Best method of finding reads aligned to non-reference path

JosephLalli commented 1 year ago

I'd like to extract reads from a .gam file that do not align to any nodes that are in a reference path. My end goal is to identify coverage and depth of likely insertions.

Commands that strike me as potentially helpful (though I can't find enough documentation to be sure): vg call? vg paths? vg pack? vg chunk? vg filter? vg view -> .gfa graph and use cut/grep to exclude reference nodes? vg view --snarls?

If it is simpler to extract reads attached to known paths, I can first use Pangenie to identify insertions that are likely present in my dataset. One possible workflow is Pangenie -> identify called insertions -> extract insertion sequences and reads aligning to that sequence -> format into bam file of insertions.

Any thoughts?
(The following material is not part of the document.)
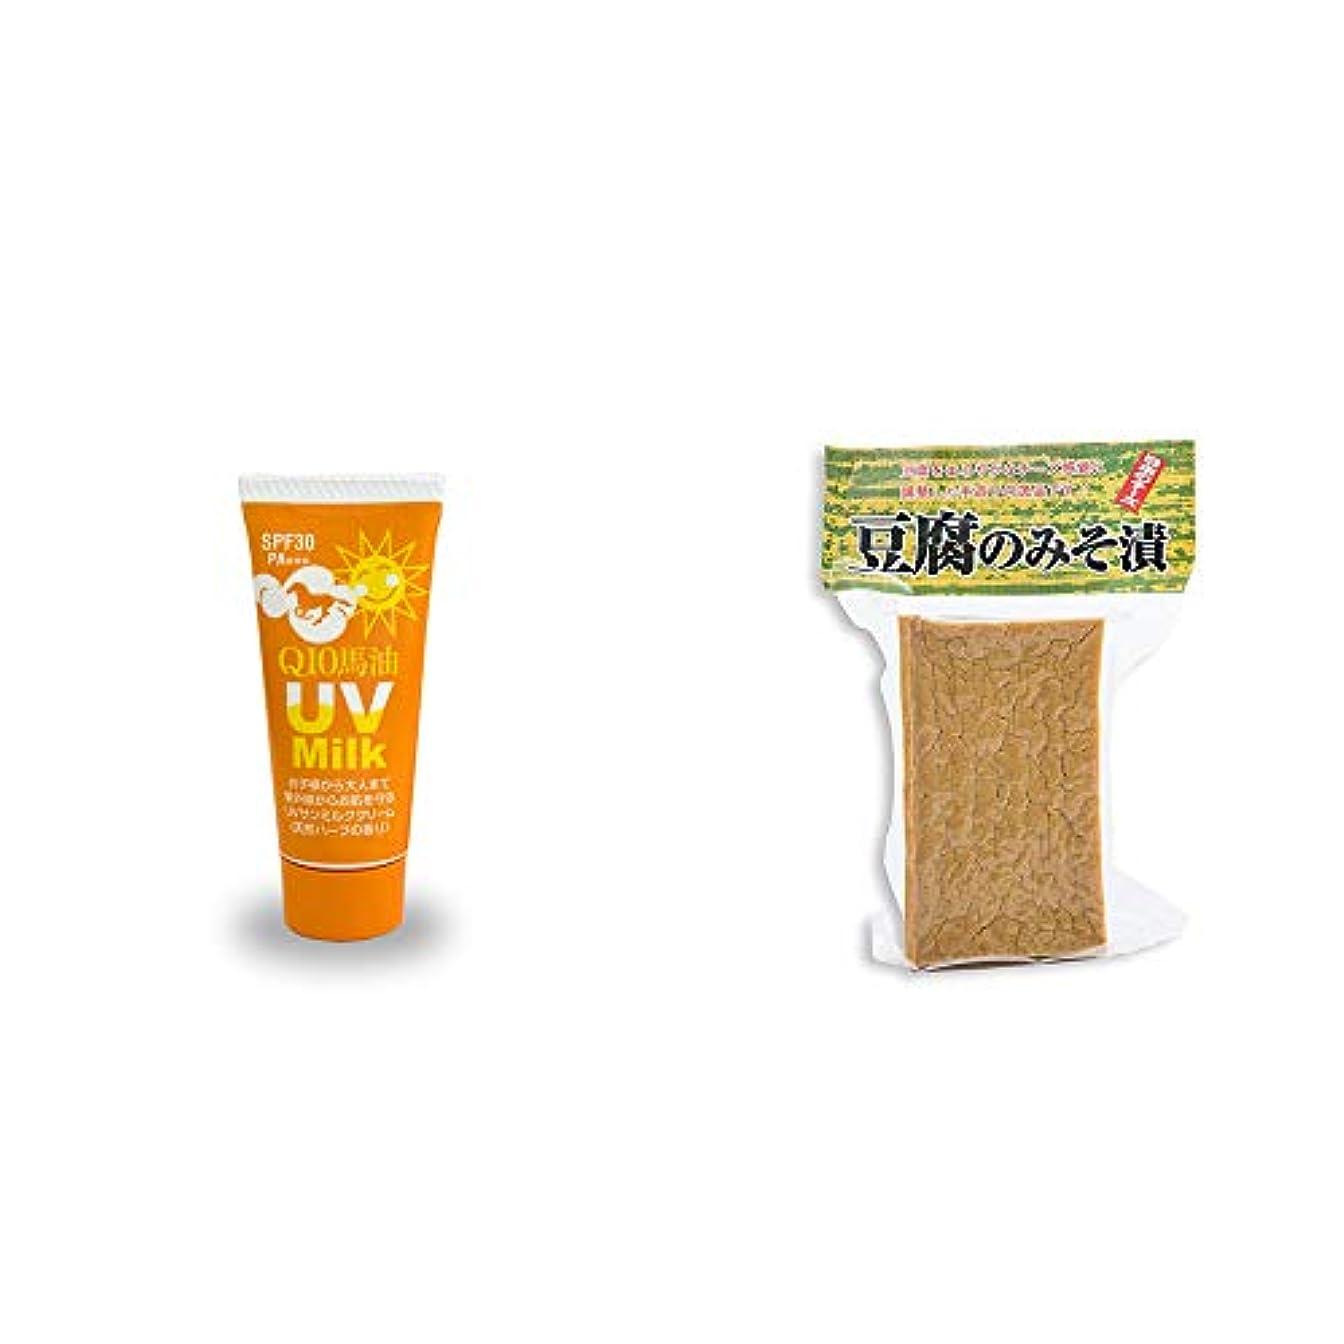 軍艦生物学思い出[2点セット] 炭黒泉 Q10馬油 UVサンミルク[天然ハーブ](40g)?日本のチーズ 豆腐のみそ漬(1個入)

This strikes me as a problem that someone has likely already solved - I just don't know who!

glennhickey commented 1 year ago

This is a good question . vg call will give you coverage of non-reference paths (in VCF format), but not the supporting reads themselves.

But you can extract reads from a GAM that do not align to any reference nodes with vg annotate and vg filter as follows:

Add reference positions to the GAM:

vg annotate -x <graph.vg> -a <aln.gam> -m > annotated.gam

Remove any read that aligns to a reference position from the GAM:

vg filter annotated.gam -X <reference contig regex>

JosephLalli commented 1 year ago

Thank you @glennhickey, that works perfectly!
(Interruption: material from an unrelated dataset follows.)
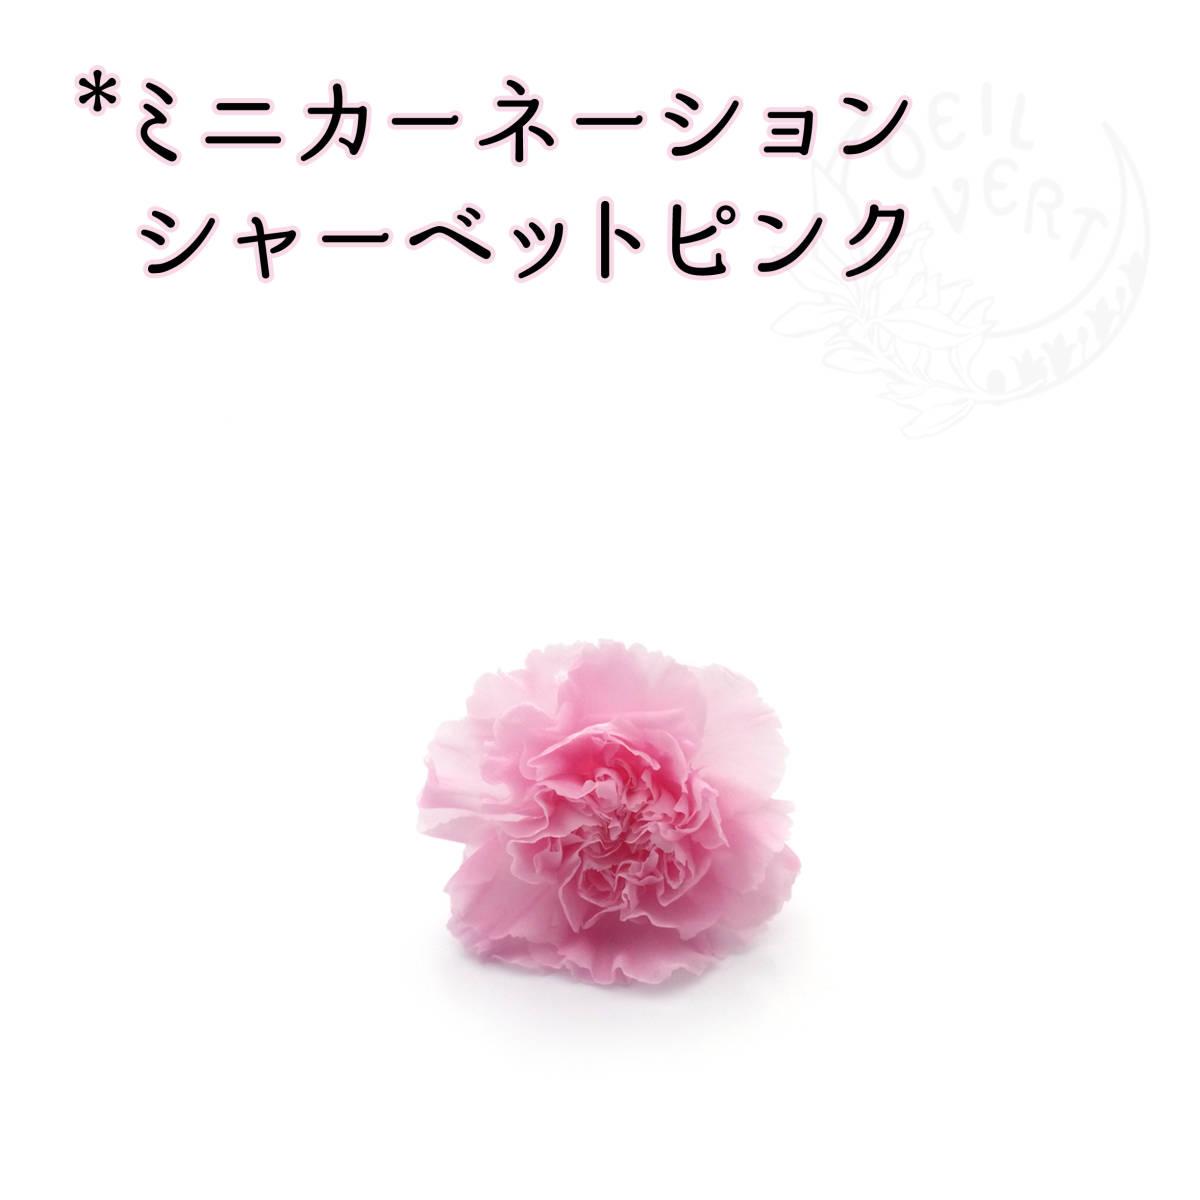 ミニカーネーション シャーベットピンク 1輪_画像1

I have a related question for you: When I surject a GAM file (for example, against, hg38), what happens to the reads whose alignments do not overlap a single hg38 node? They are declared "unmapped" in the output bam file, correct?
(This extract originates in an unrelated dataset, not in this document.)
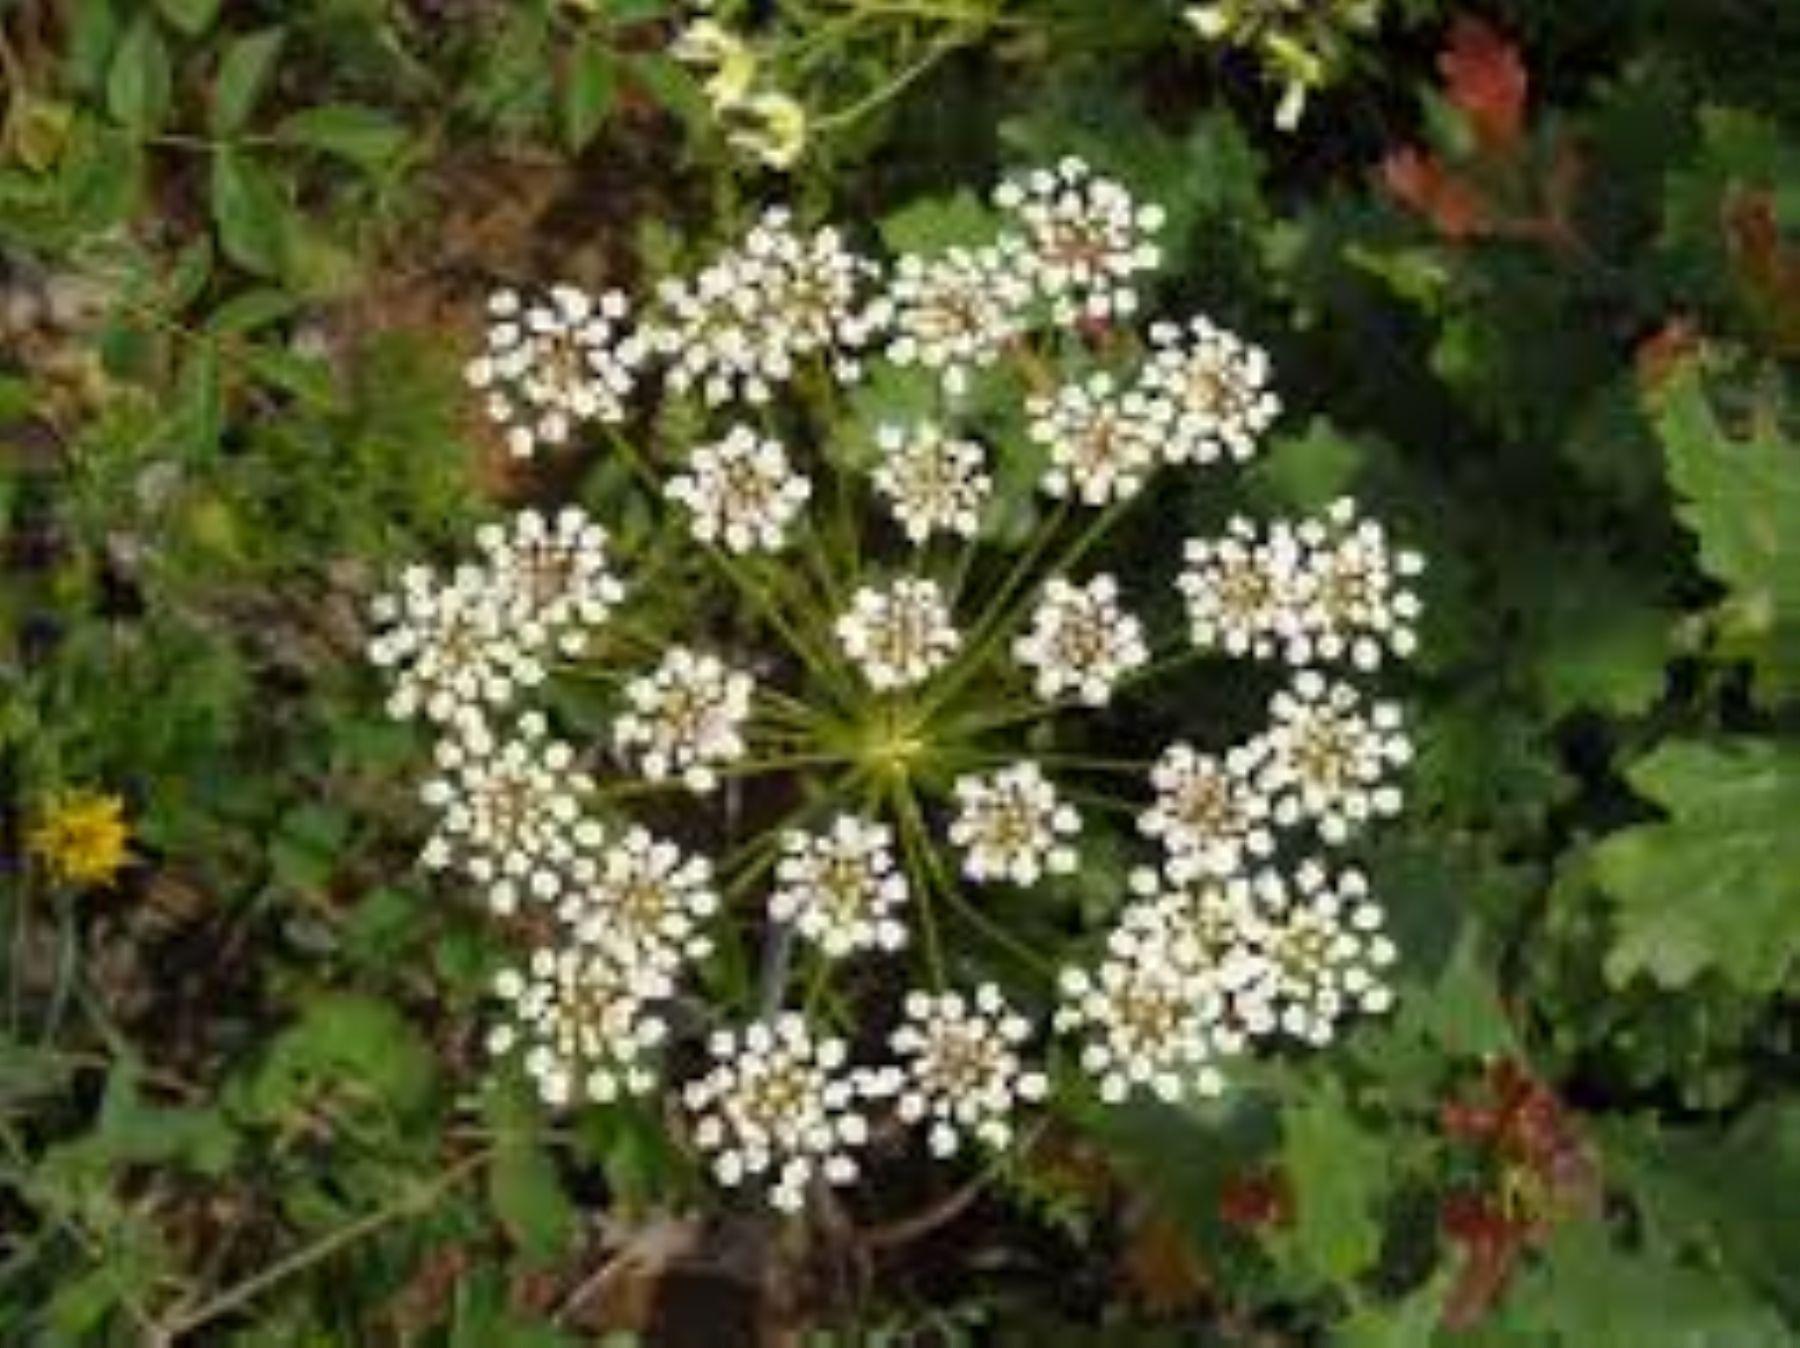 El anís es una de las 11 plantas medicinales cuyas propiedades curativas remarca EsSalud. Foto:Internet

My ultimate goal is to capture these reads in the surjection output. I can run vg giraffe -> vg pack -> vg call and get a vcf of non-reference paths that reads in my sample are likely to have originated from. I can extract the paths themselves - the list of nodes and directions (for example, >3719088>3719089>3719090>3719091>3719092>3719094>3719095>3719096>3719098>3719099>3719100). Can I include these paths as surjection targets during vg surject?

jeizenga commented 1 year ago

You are correct that those reads would be unmapped by vg surject. I think I'm not totally clear what behavior you'd want for this use case. The SAM/BAM format requires that the alignment be reported against a named sequence, but these short non-reference subpaths don't really have a name. If you wanted to introduce them as named sequences, one way to do so would be to manually append them as P lines on the GFA and then make a new XG index with vg convert.

JosephLalli commented 1 year ago

You've got it basically right, @jeizenga.

Context For a bit more context, I'd like to be able to use traditional, linear genome based tools with my pangenome mappings.

From what I can tell, surjection works great for this purpose. (Note: I can't find great documentation on the surjection algorithm, so I might have this totally wrong.) Surjection preserves indels that are less than one read length long, and preserves large deletions in your dataset. However, surjection cannot preserve insertions larger than one read length.

The solution I'm trying to develop is to call these insertions with vg call or Pangenie (probably vg call until there's a good CHM13v2 reference graph for Pangenie). I would then like to include these insertions in the reference graph as alternative contigs that reads can be surjected against. The end product would be a bam file containing the normal 1-22, X, Y and MT contigs, along with alignments to those contigs. The bam file would then go on to contain a few thousand insertion contigs of lengths > 150bp, along with reads that align to those insertions. These contigs would be named with the insertion's start and end coordinates.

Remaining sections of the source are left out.